Data below:
-- Opening Marker --

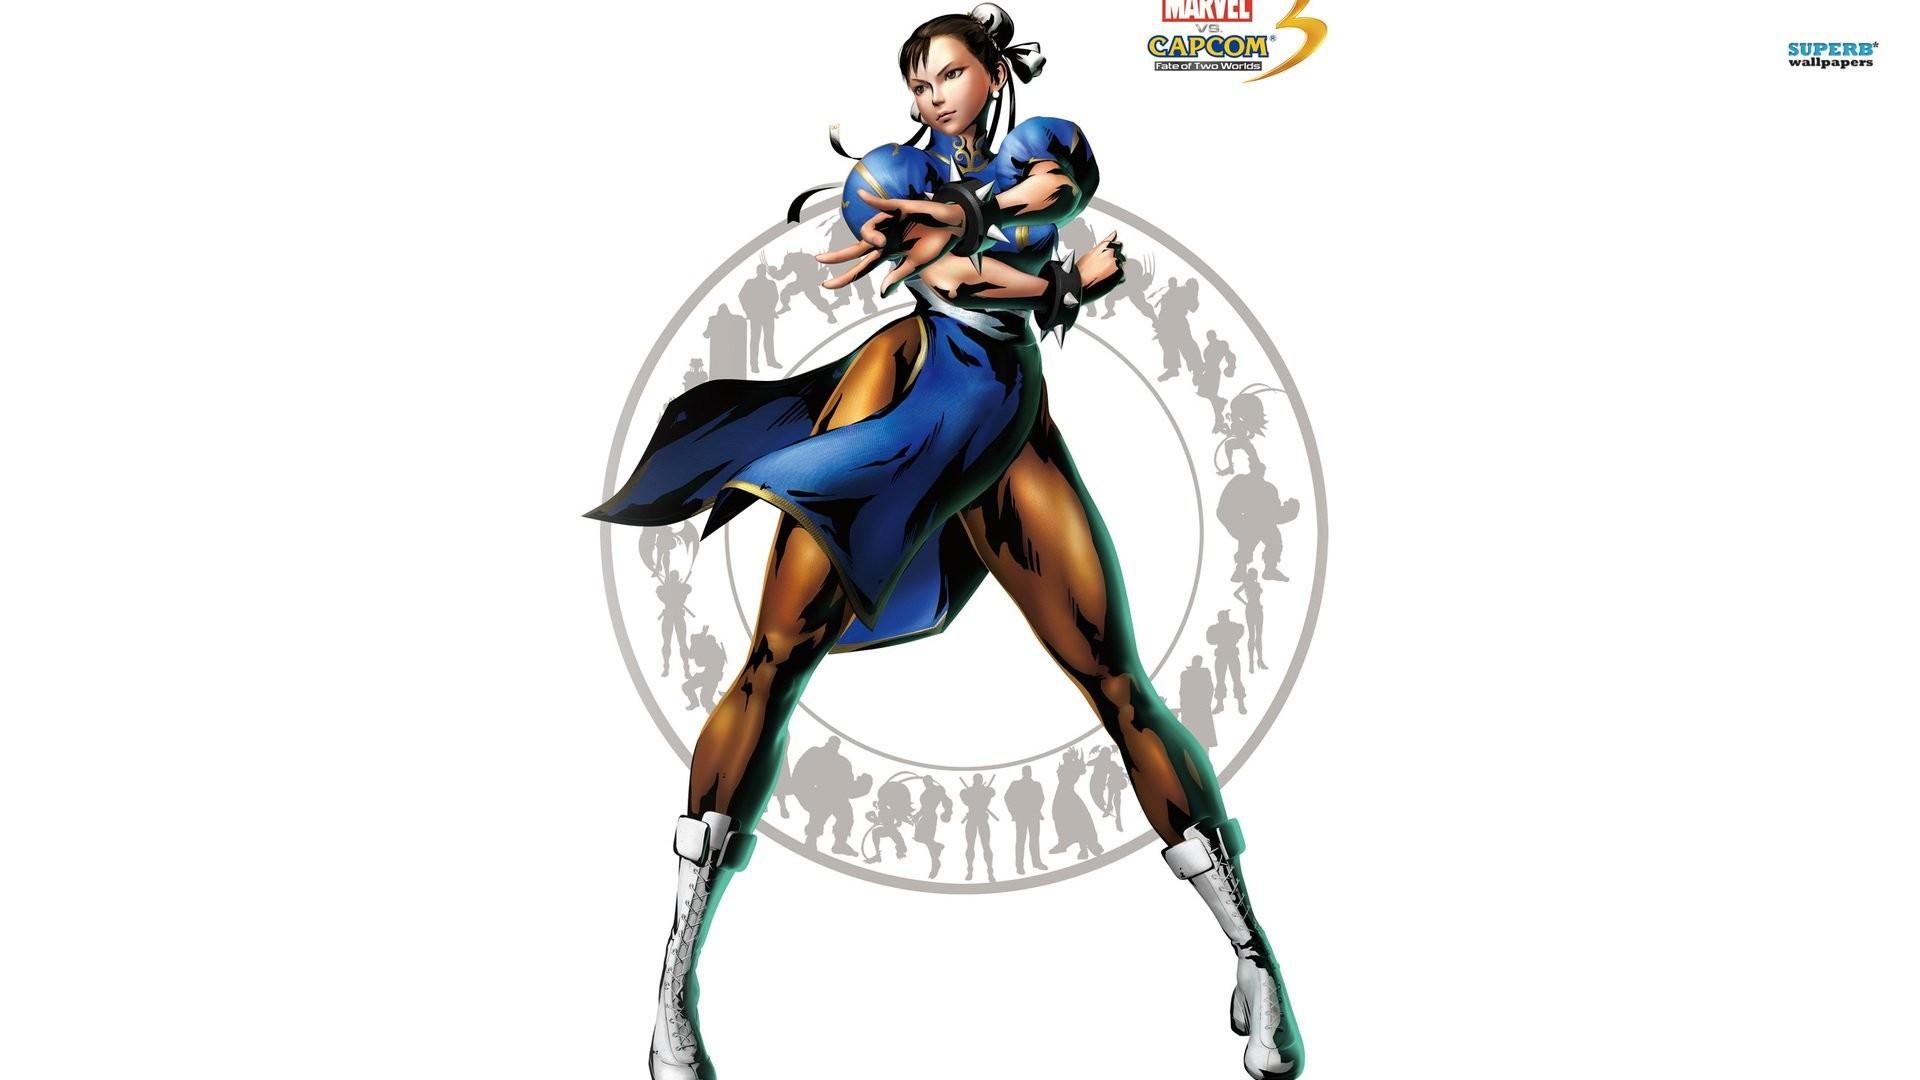 Marvel Vs. Capcom 3 – Chun-Li 238591
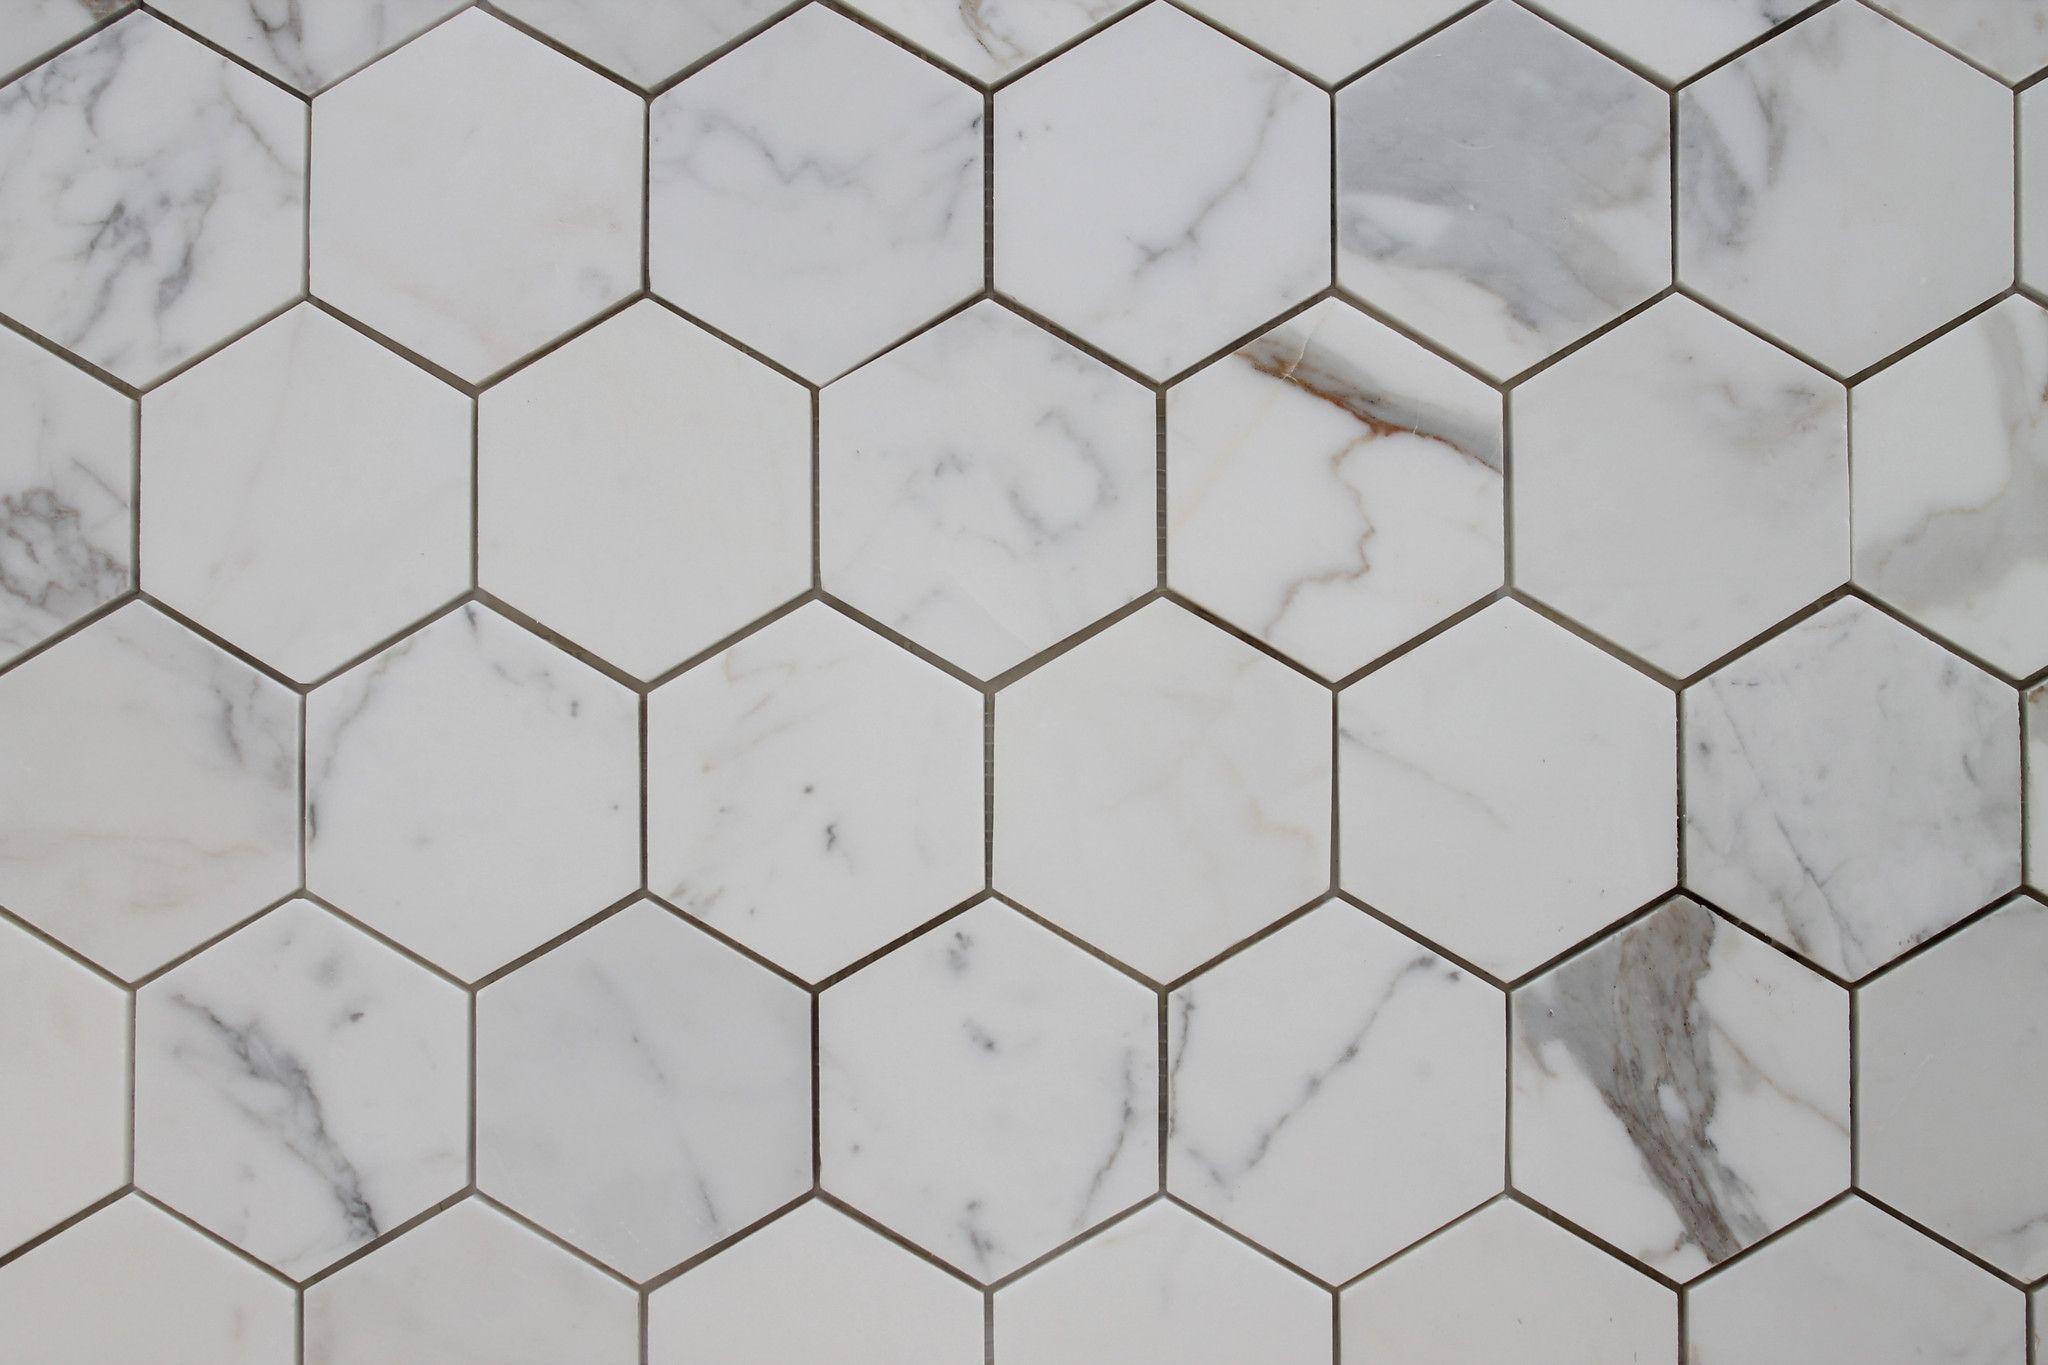 4 hexagon calacatta gold polished marble mosaic tiles
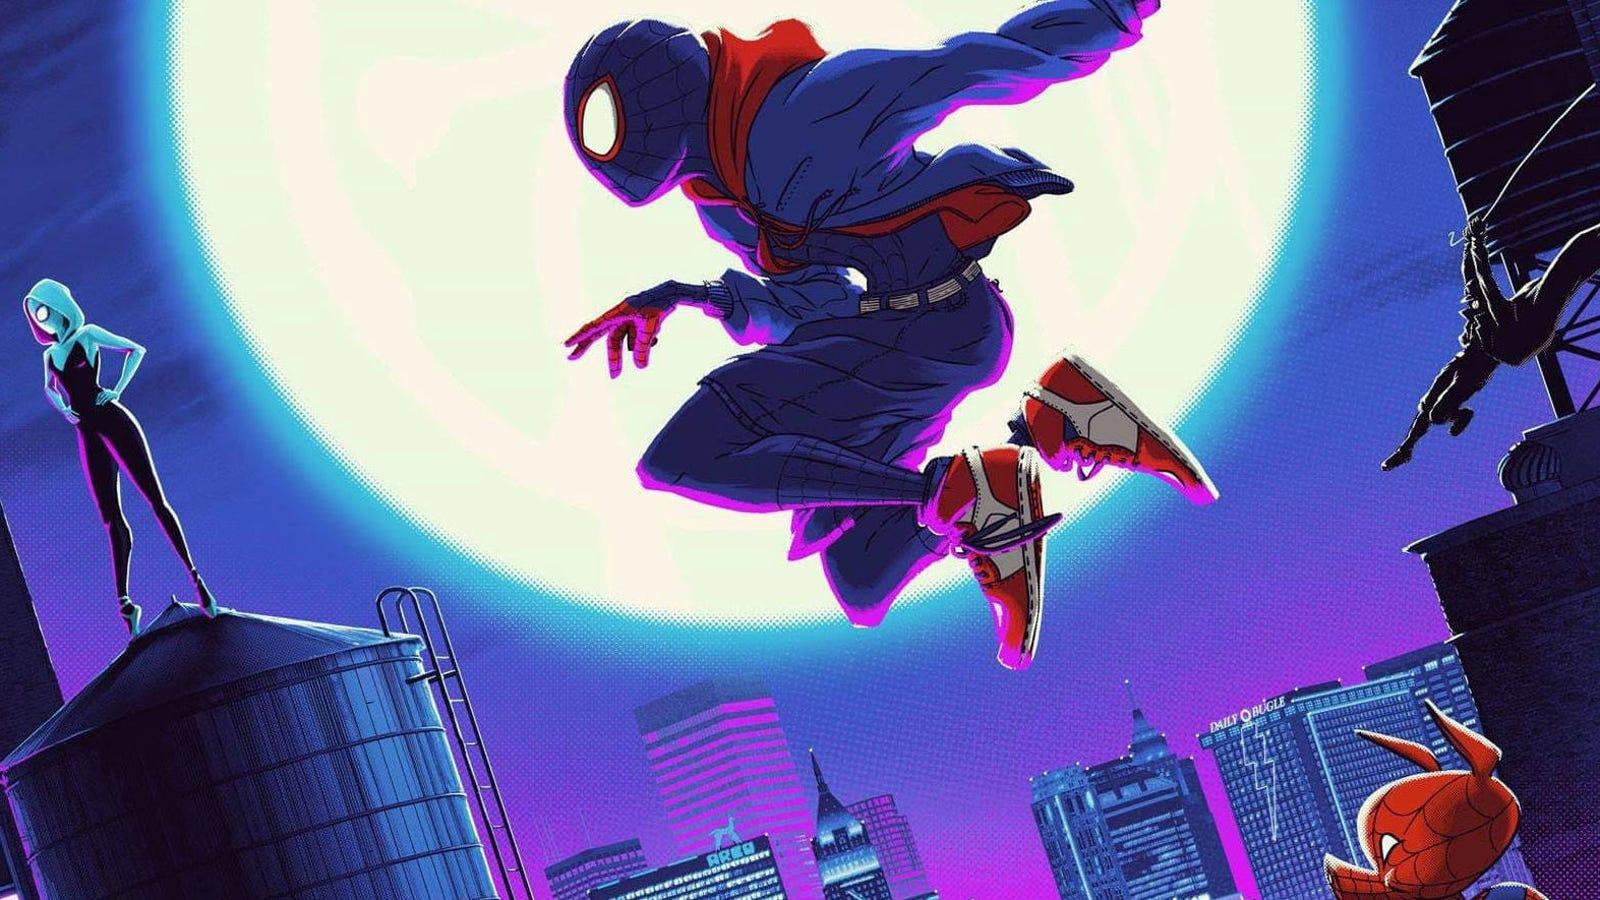 Matt Ferguson Spider-Man Into The Spider-Verse Poster Coming

-- Closing Marker --

Assignment:
Reprint the data verbatim, pictures excluded.

Solution for this problem:
 Marvel Vs. Capcom 3 – Chun-Li 238591
 4 hexagon calacatta gold polished marble mosaic tiles
 Matt Ferguson Spider-Man Into The Spider-Verse Poster Coming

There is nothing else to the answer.